According to the minister of intergovernmental affairs cuts will focus on white males in the civil service despite the fact this violates the Charter of Rights and Freedoms. Families will be strained, careers destroyed and the principles of merit ignored, all for the sake of pacifying radical special interest groups.
It is not fair to the grassroots which will continue to be shouted down on the national scene. Funding for special interests, the political fringes of our society, lives on. The radical agendas will continue to be pushed to centre stage while views and opinions of ordinary Canadians will once again be pushed out the exit doors.
It is not fair to young Canadians, our future workers, our future leaders. For the first time in Canadian history young Canadians are facing a future that will bring them less prosperity than their parents or grandparents. It is these young people and not their parents or grandparents who will eventually have to begin paying off a debt that now totals $548 billion.
The finance minister has put off any major cuts for some time in the distant future. It is our children who will have to deal with his indecisiveness with even higher taxes and fewer social programs.
I have often said I did not enter politics for myself but for my children and for their peers across the country. When I graduated from school the opportunities were virtually limitless. When I wanted a job, I picked my field.

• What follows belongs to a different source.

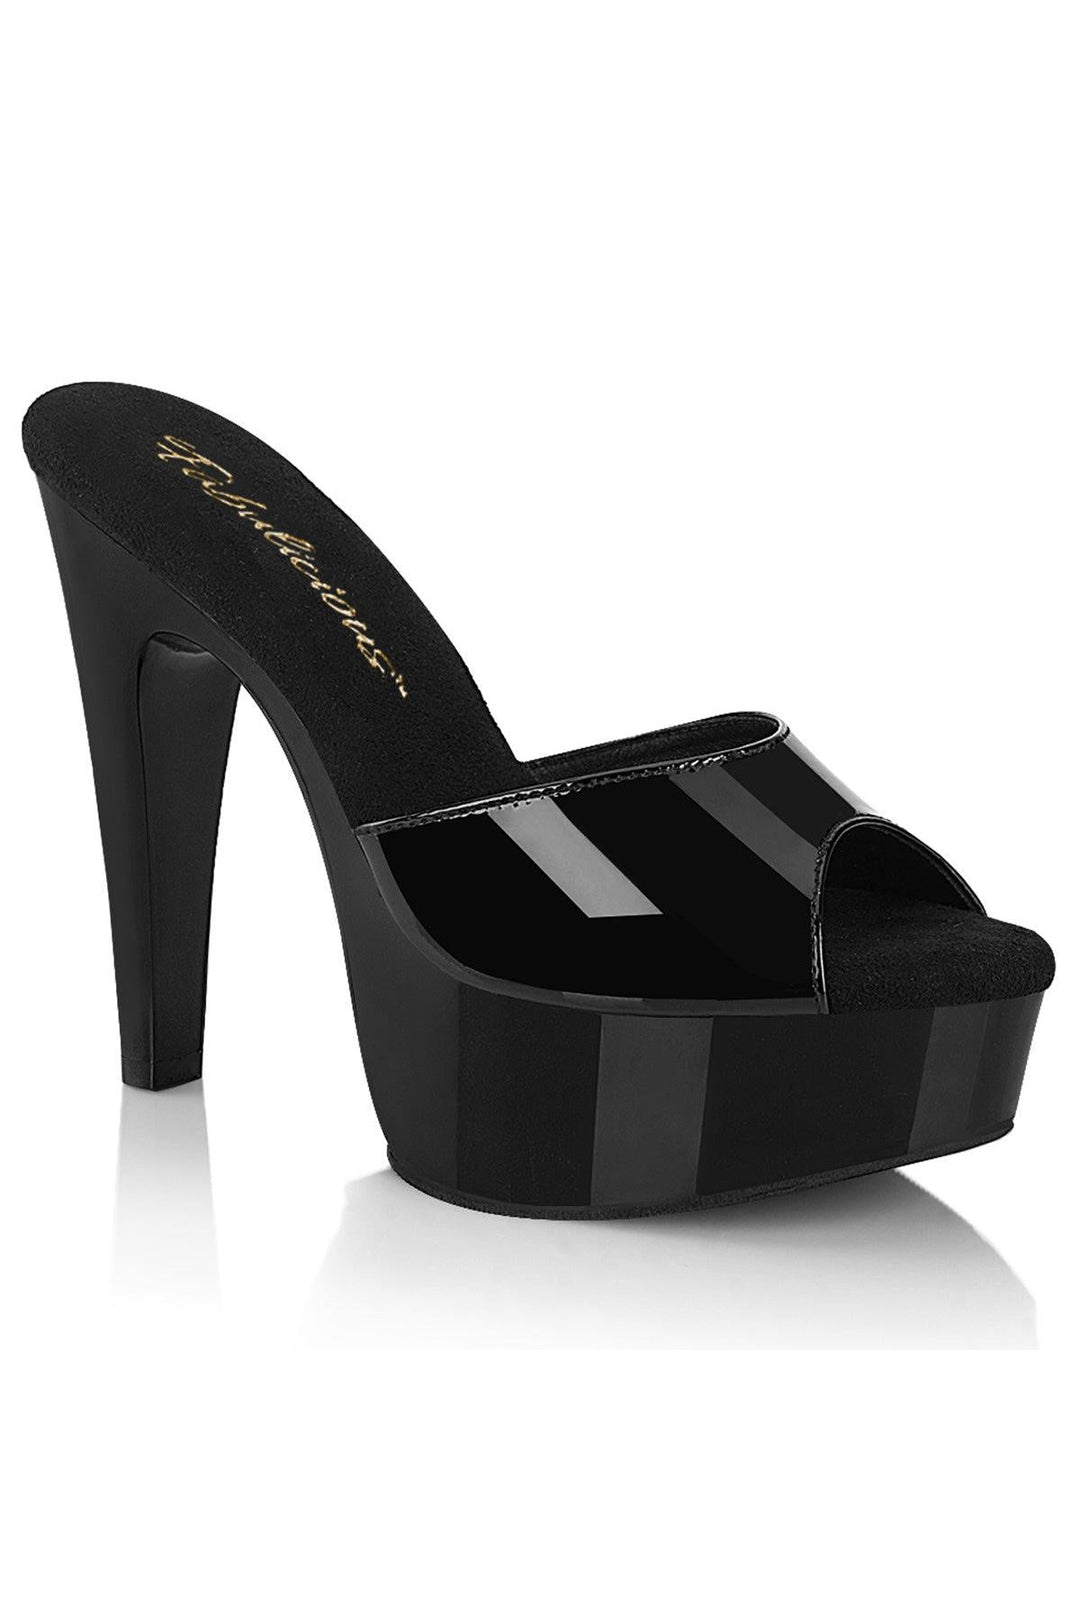 Fabulicious Black Slides Platform Stripper Shoes | Buy at Sexyshoes.com

When I wanted more schooling, admission was both easy and affordable.
I could count on having a good salary to meet my needs and the needs of my wife and family. All that has changed. Young people no longer have their pick of jobs. They have to take what they can get, often piecing together two or three part time jobs to make ends meet.
Tuitions are rapidly rising, enrolment falling and opportunities becoming fewer and farther apart. There are many reasons for these changes such as high payroll taxes, decreasing funding and economic restructuring but it all comes down to one thing, the debt.

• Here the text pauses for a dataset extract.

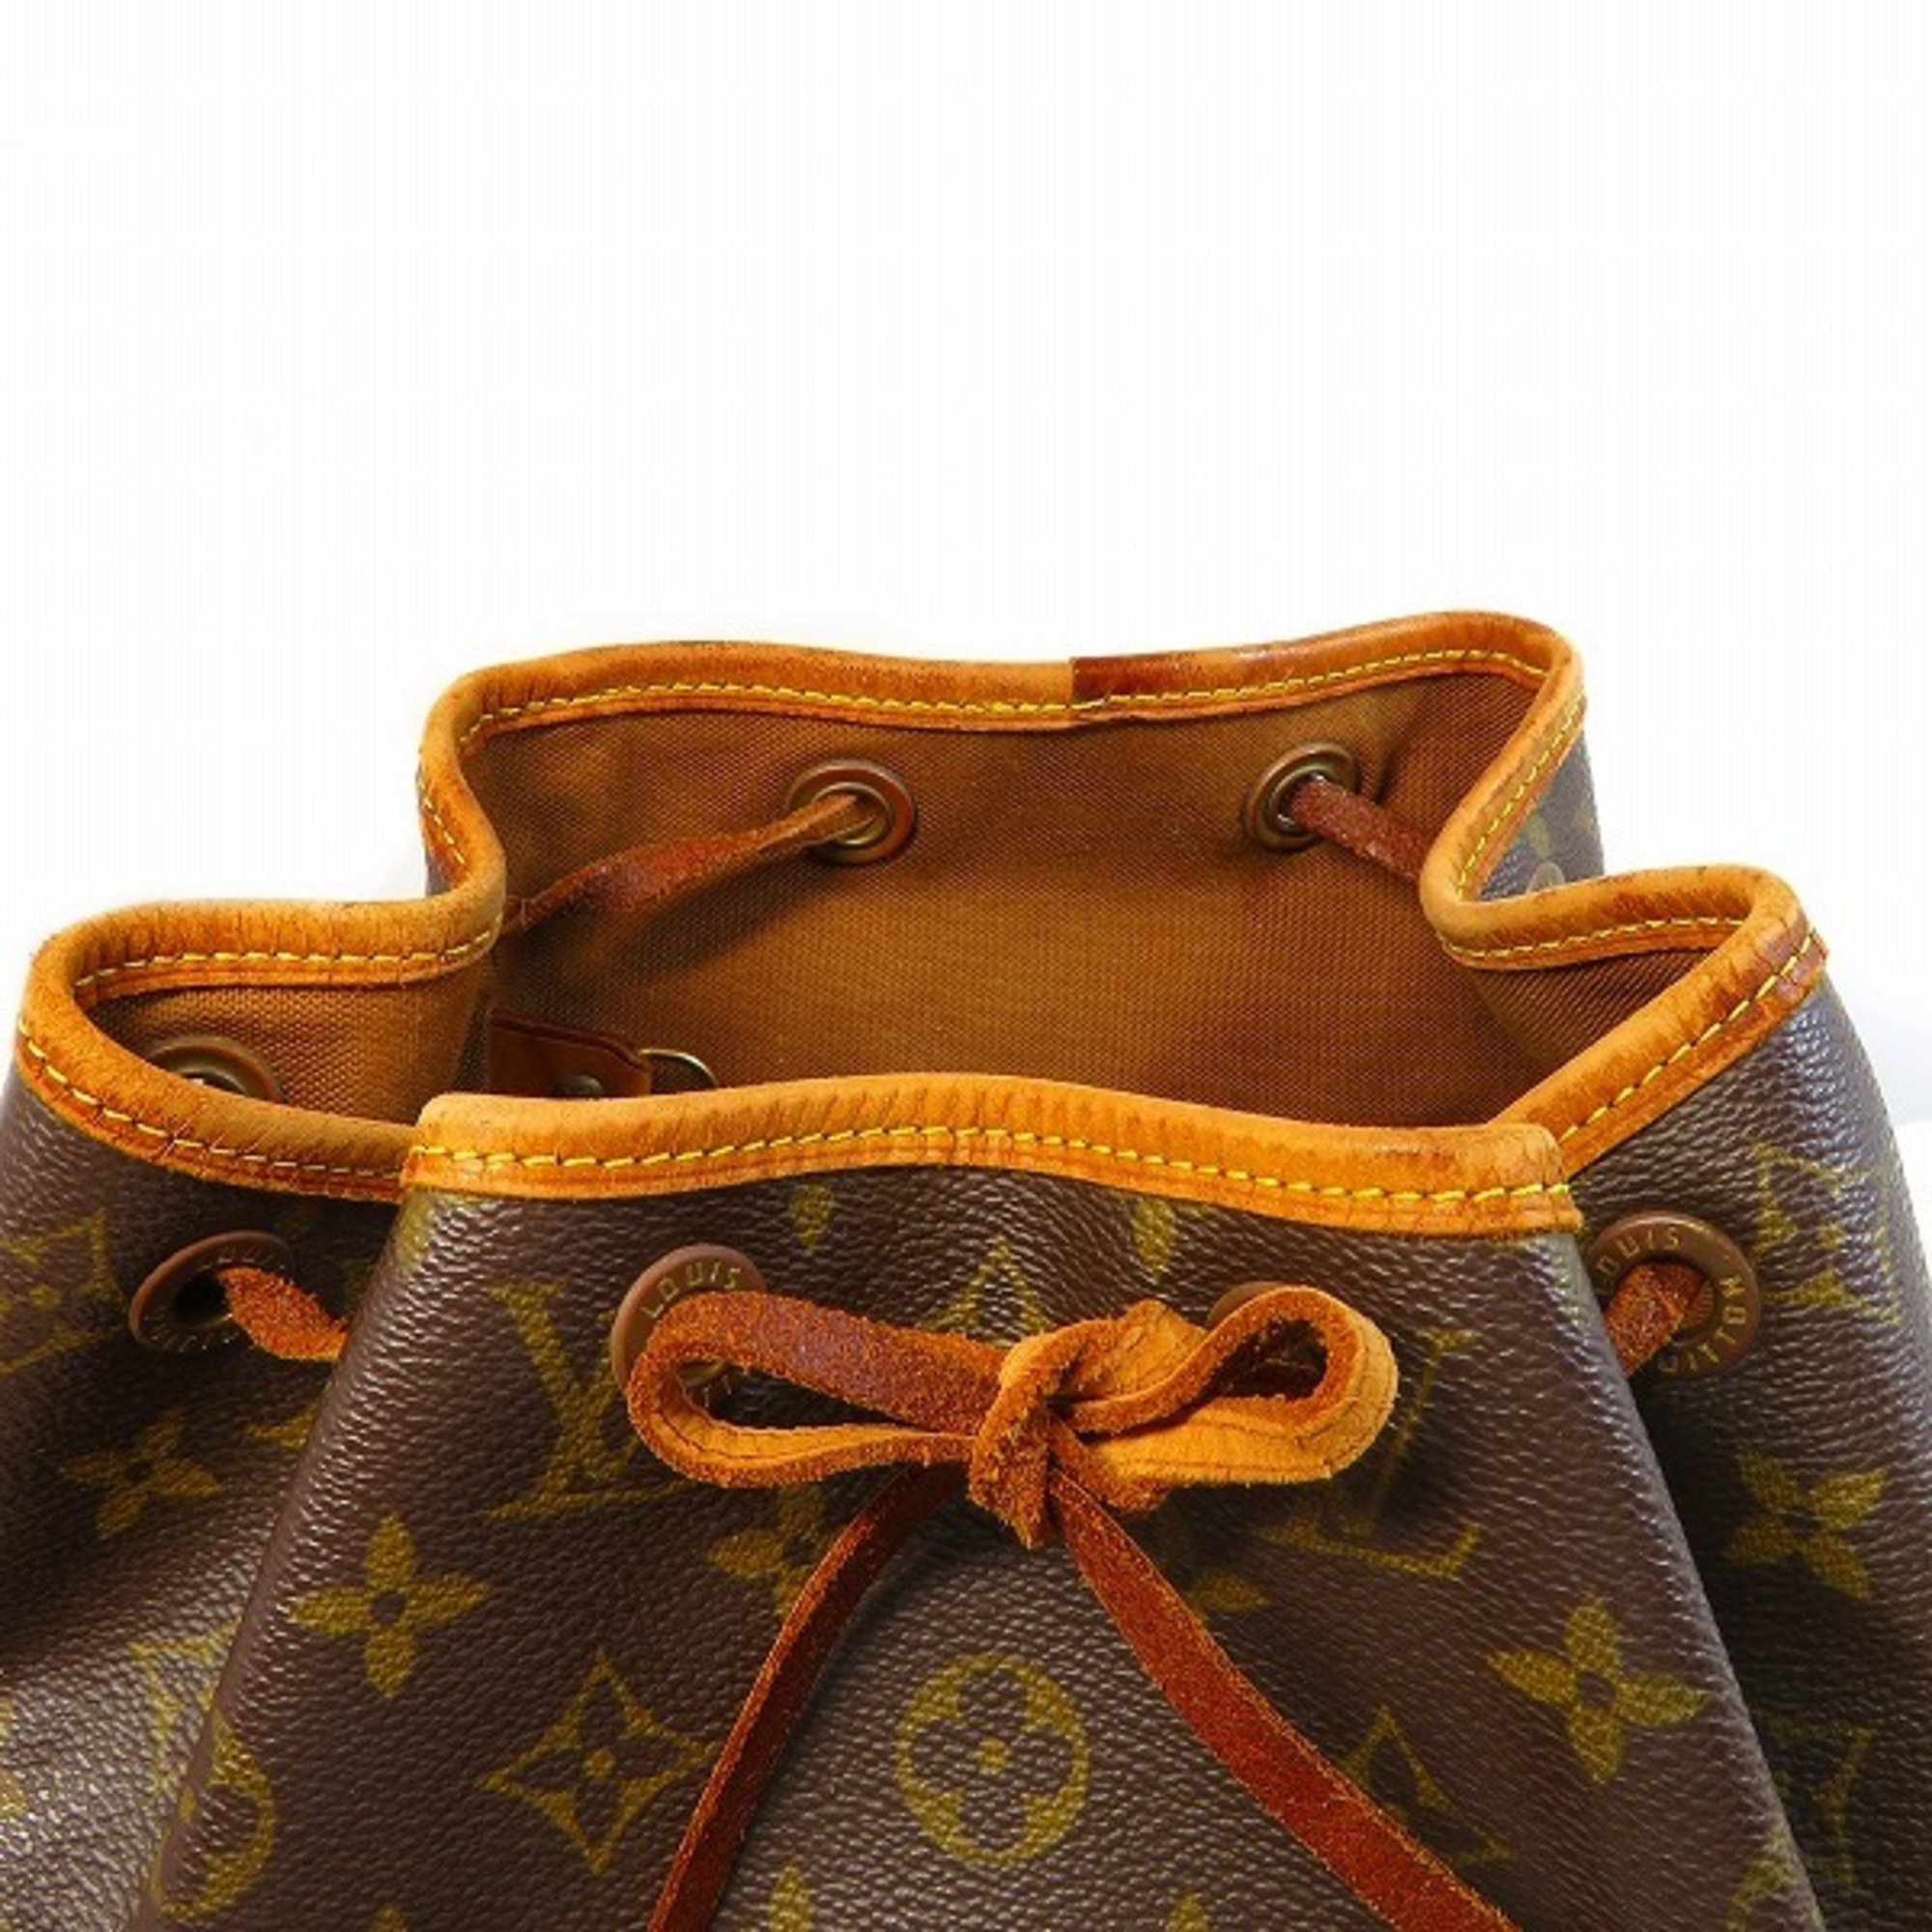 Louis Vuitton Monogram Montsouris MM M51136 Bag Backpack for Women

As our debt increases over the next three years, our economy will be even more strained to pay ever more interest on our growing debt, meaning our young people will have even fewer opportunities in the years to come. For their sake we have to tackle the deficit now.
The budget has failed on all counts.
The challenge of deficit elimination has not been faced. The fundamental choices Canadians demanded have not been made. A new course towards fiscal responsibility has not been charted, and this budget has not been fair, as the minister claimed.
Canadians are not looking for another Michael Wilson or Don Mazankowski, both of whom drifted from deficit to deficit. They are looking for decisive action to bring our nation's finances back into balance. I hope this finance minister will show more decisiveness next year than he has this year. The window for opportunity is quickly closing.
I am very pleased that the Reform Party has presented an alternative budget, which the Liberal Party has been invited to review, to copy and to use.